One of the core problems with nuclear is the size and scale of risk posed by cost cutting and neglect over its lifetime, especially the waste. People neither trust for-profit enterprises or present/future governments with that sort of responsibility (and with empirically justifiable reasons). I’m aware newer models are stated to be significantly safer, but assurances mean little when these institutions have repeatedly lied and failed in the past.

Either way, US carriers are probably one of the safest places for nuclear, as they’re mission critical for the life of the carrier and most likely to receive the utmost care… Plus the US has a long history of rubber stamping virtually unlimited funds to solve any military problem, whether the people approve or not. The handling of the waste is still a major concern, but what about the consequences of a torpedo compromising the reactor in warfare?


> in the US we'd be lucky to build and commission a single reactor in that time span

Most countries, including the US and France, did a build out in the 70's/80's and then basically stopped. France a bit later than the US, but both essentially did the same thing. Checking the wiki list[0] and sorting by operation year you can see 4 things. 1) the vast majority of reactors were built in the 70's, 2) the newest reactor was built in the 90's (operational 2001), 3) the most recent reactors took longer to go into operation (including a few at 16 years, where the 70's build out was typically 6-7 years), 4) almost all 70s/80's reactors are of the same type and same power level (CP1, CP2, P4 REP 1300). We actually see the exact same story in the US (see Watts Bar, ouch).

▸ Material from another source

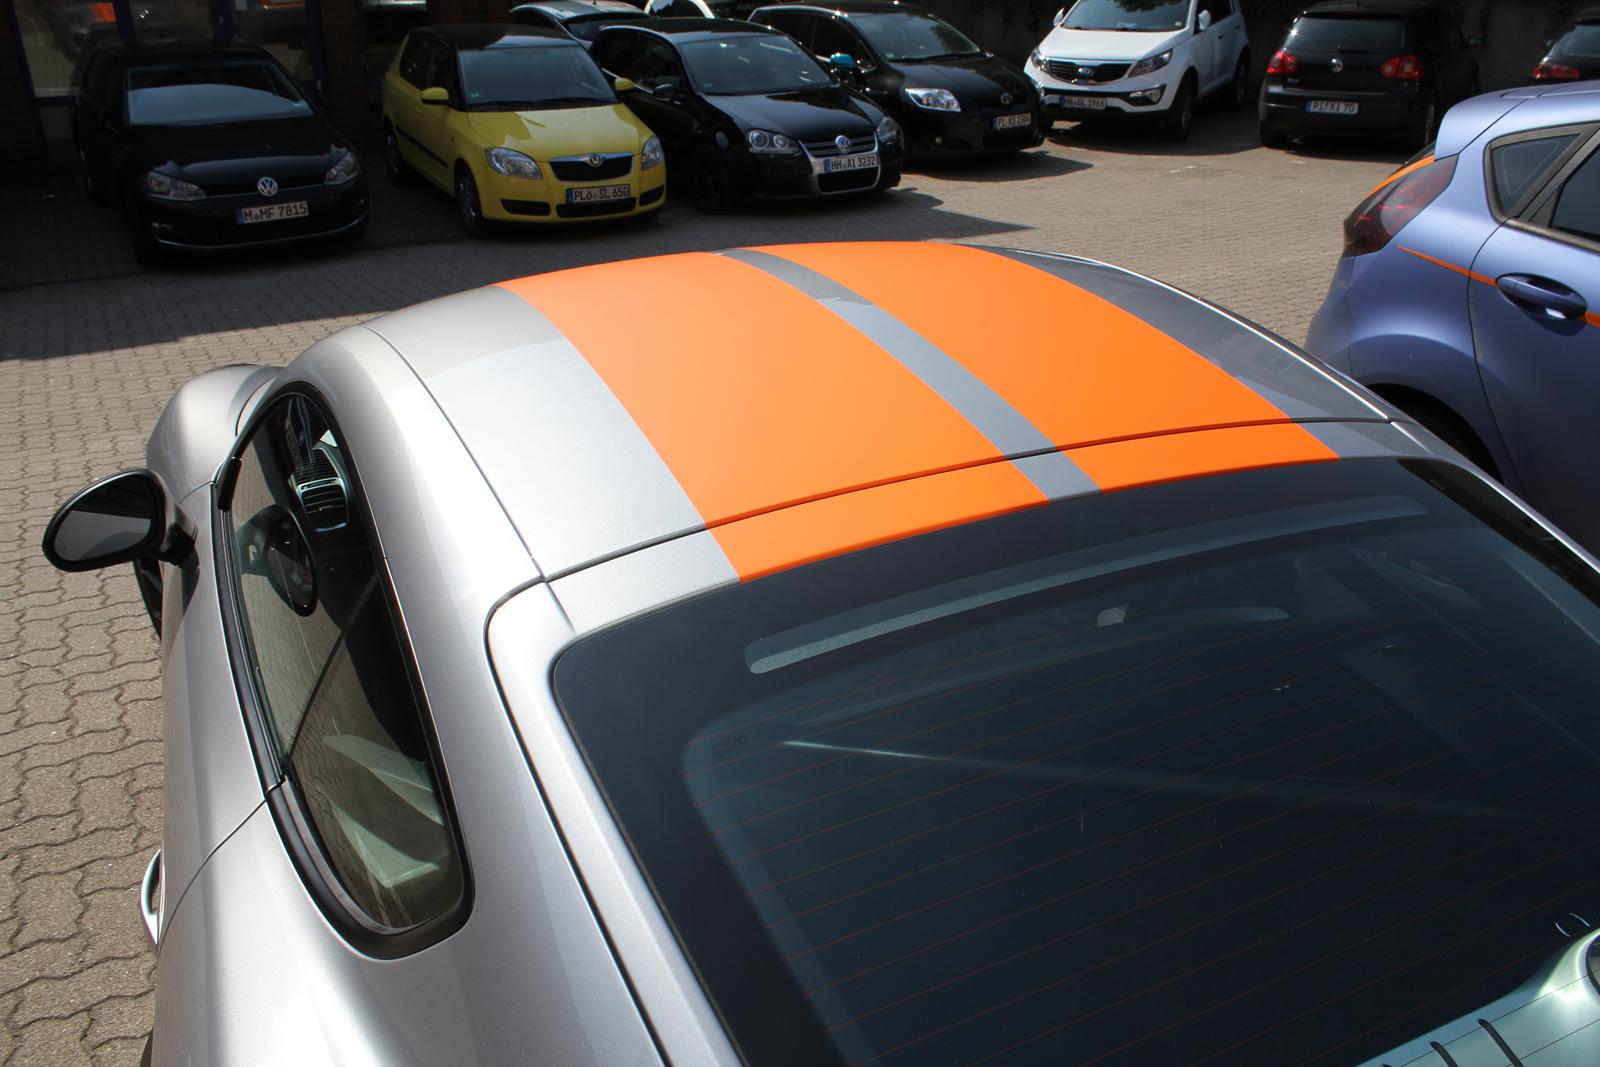 porsche_cayman_gt4_rallyestreifen_orange_04

On the other hand, South Korea didn't do their build out till the mid 80's and continued into the 90's. Then we see the wall hit in the 2000's with the APR 1400. Japan did a bit better and strangely looks like the big success story, especially considering how many reactors such a small country built. Interestingly only Mitsubishi reactors are still operational... Canada is also a good success story but also hasn't built anything since the late 80's (but last reactor was still <10yrs).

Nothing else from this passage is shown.